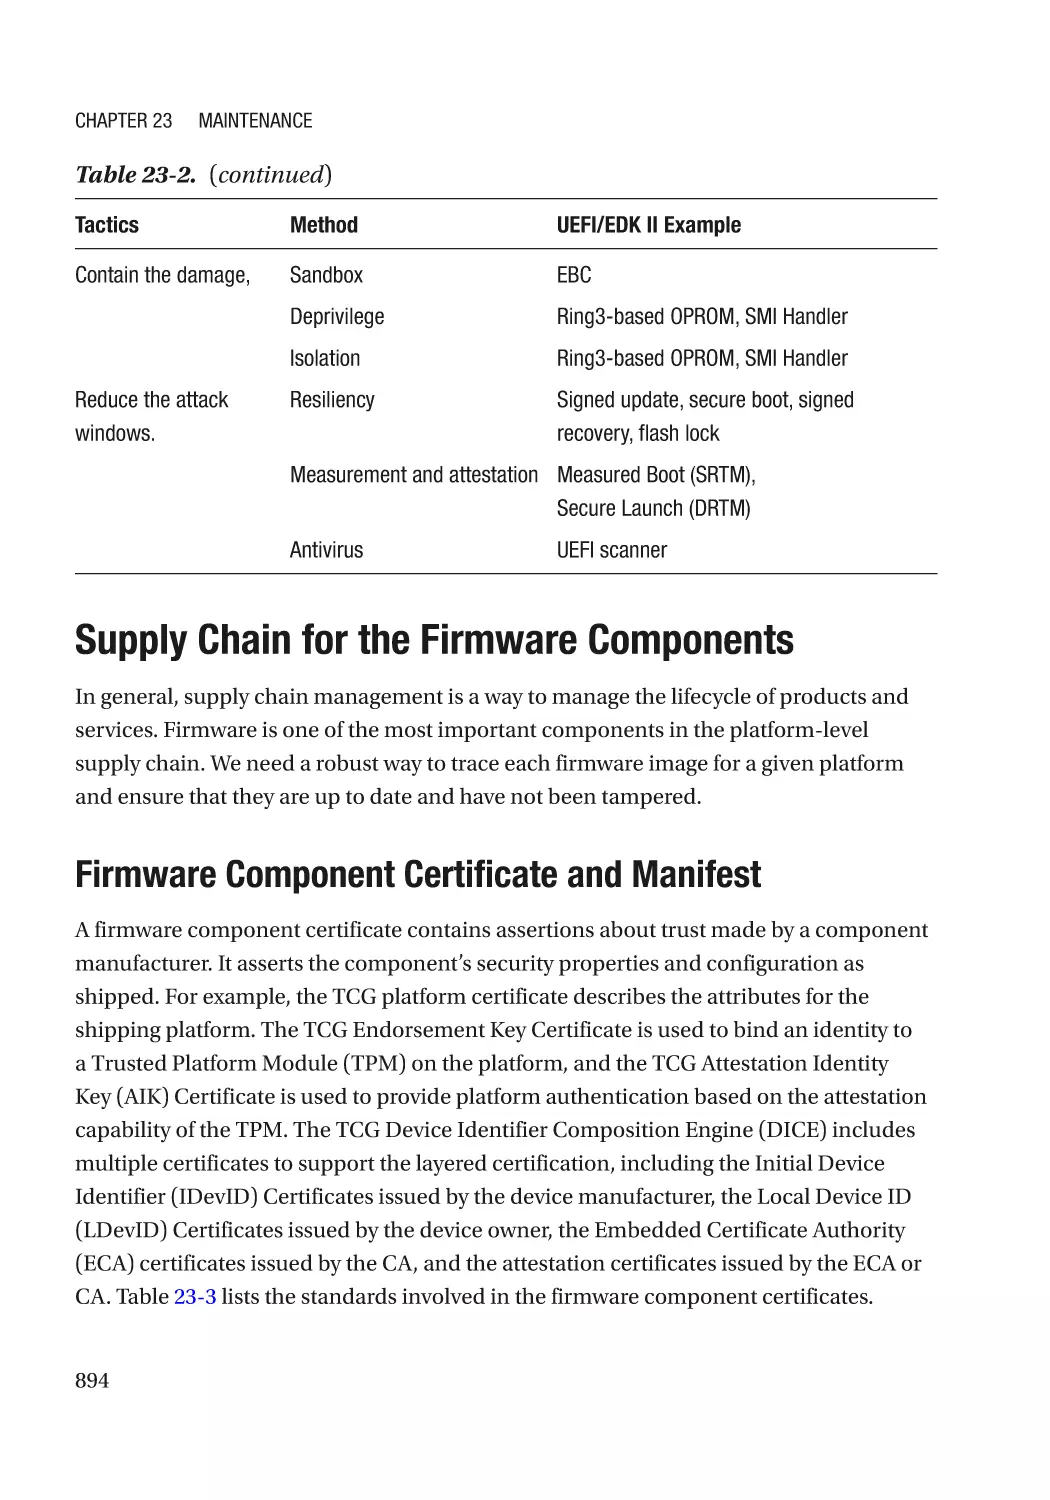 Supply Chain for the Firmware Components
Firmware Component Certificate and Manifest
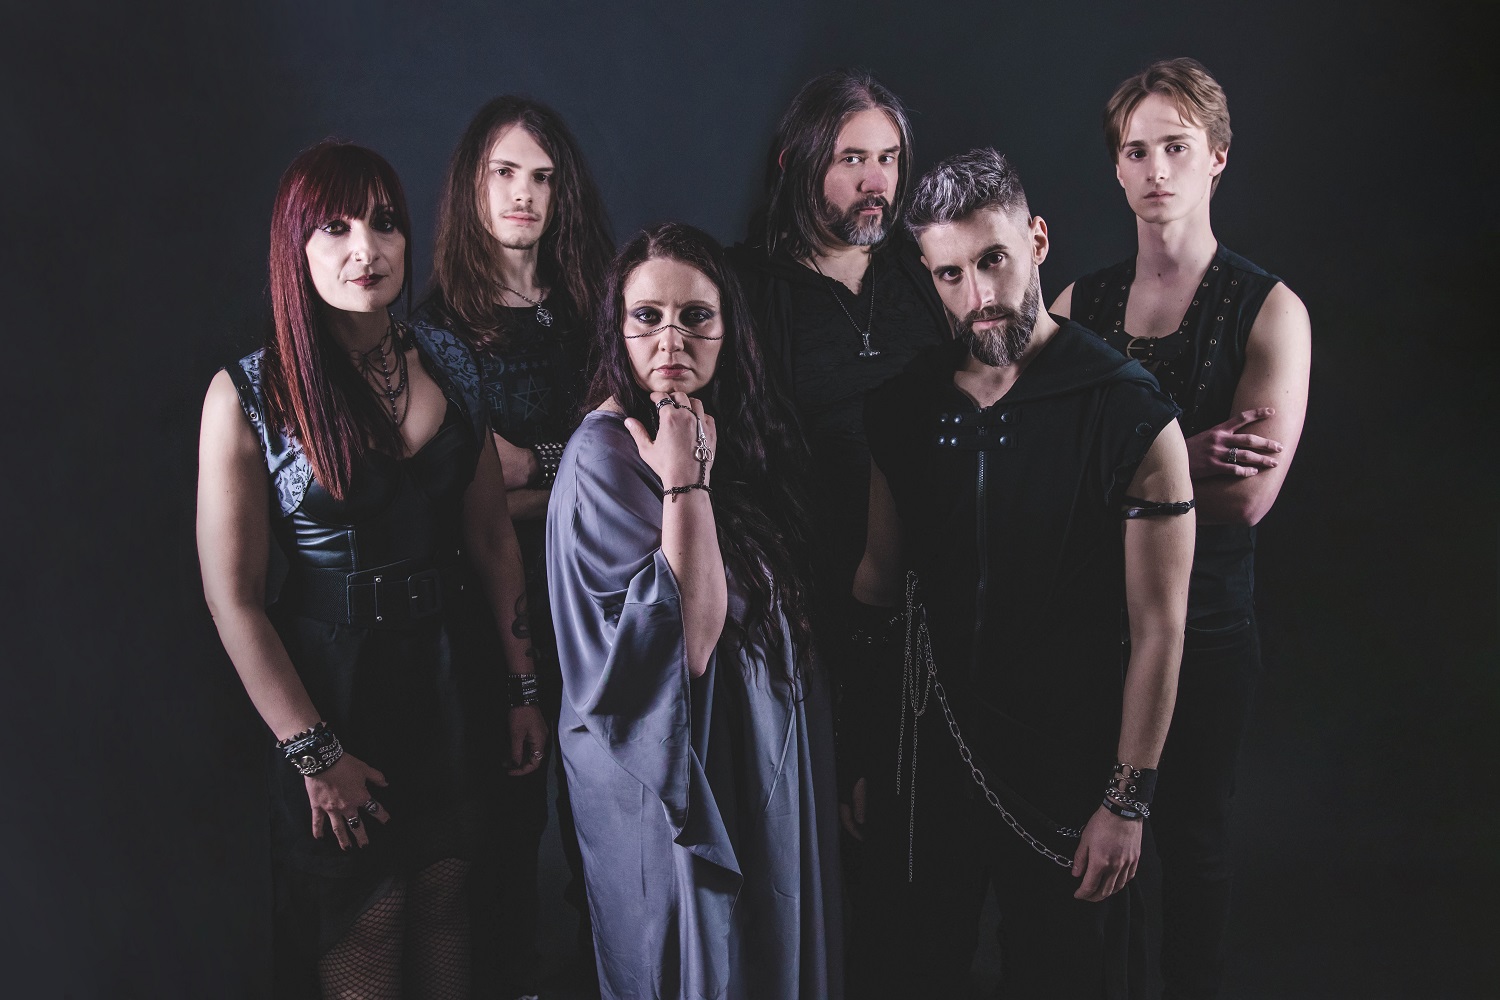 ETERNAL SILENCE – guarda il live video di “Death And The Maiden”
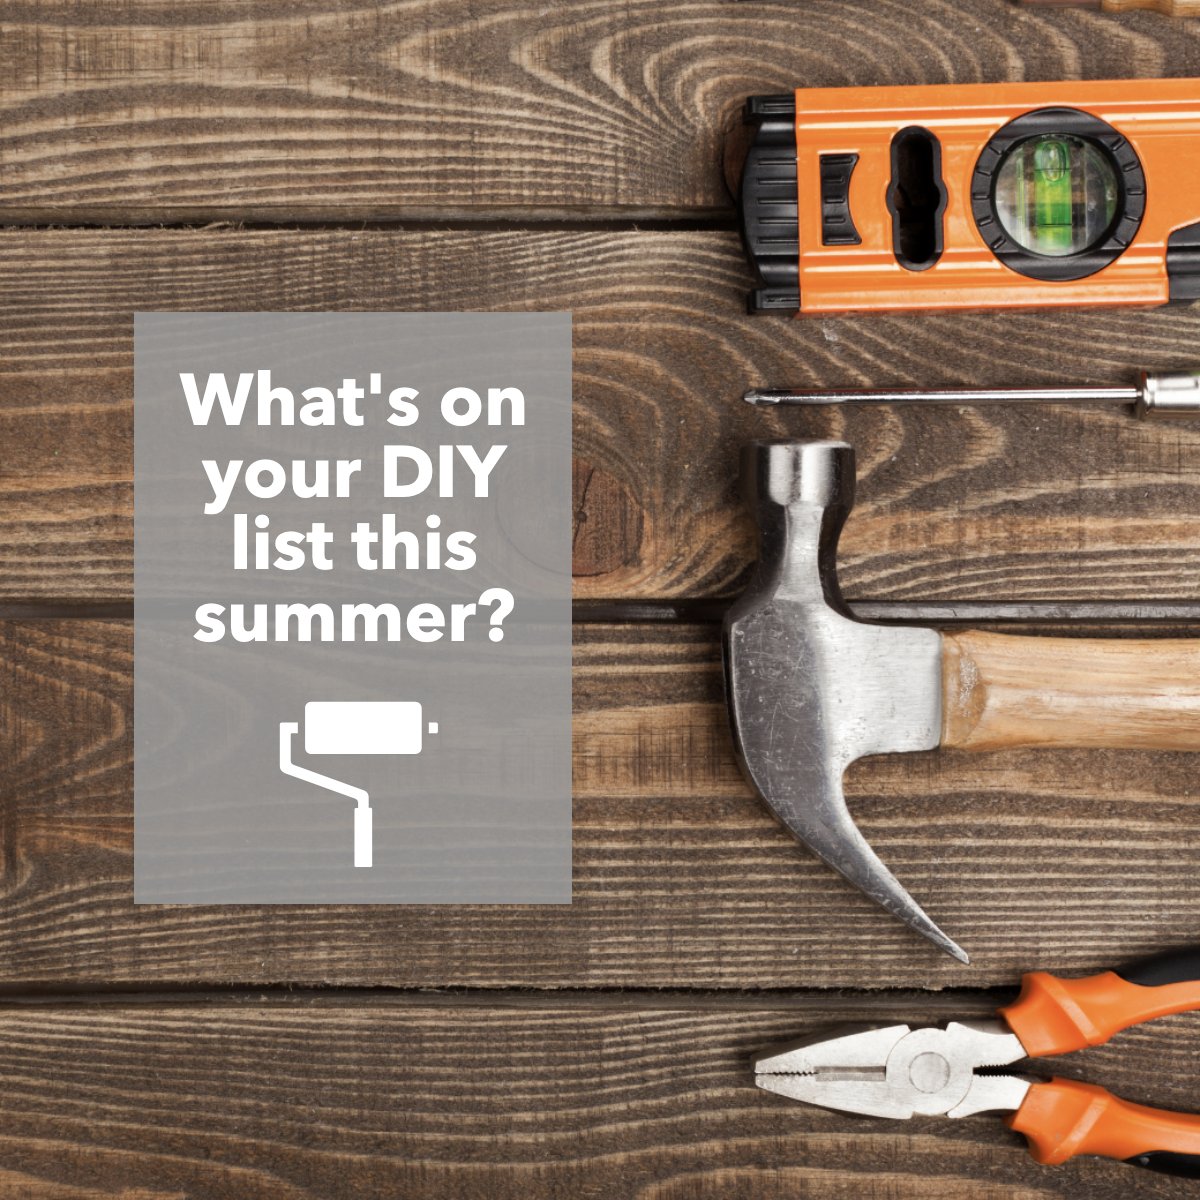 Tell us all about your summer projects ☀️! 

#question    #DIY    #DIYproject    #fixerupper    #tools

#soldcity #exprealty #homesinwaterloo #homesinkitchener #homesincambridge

========

*Activity:* Could you set down the data exactly as given, minus its pictures?

*Solution:*
 Supply Chain for the Firmware Components
Firmware Component Certificate and Manifest
 ETERNAL SILENCE – guarda il live video di “Death And The Maiden”
 Tell us all about your summer projects ☀️! 

#question    #DIY    #DIYproject    #fixerupper    #tools

#soldcity #exprealty #homesinwaterloo #homesinkitchener #homesincambridge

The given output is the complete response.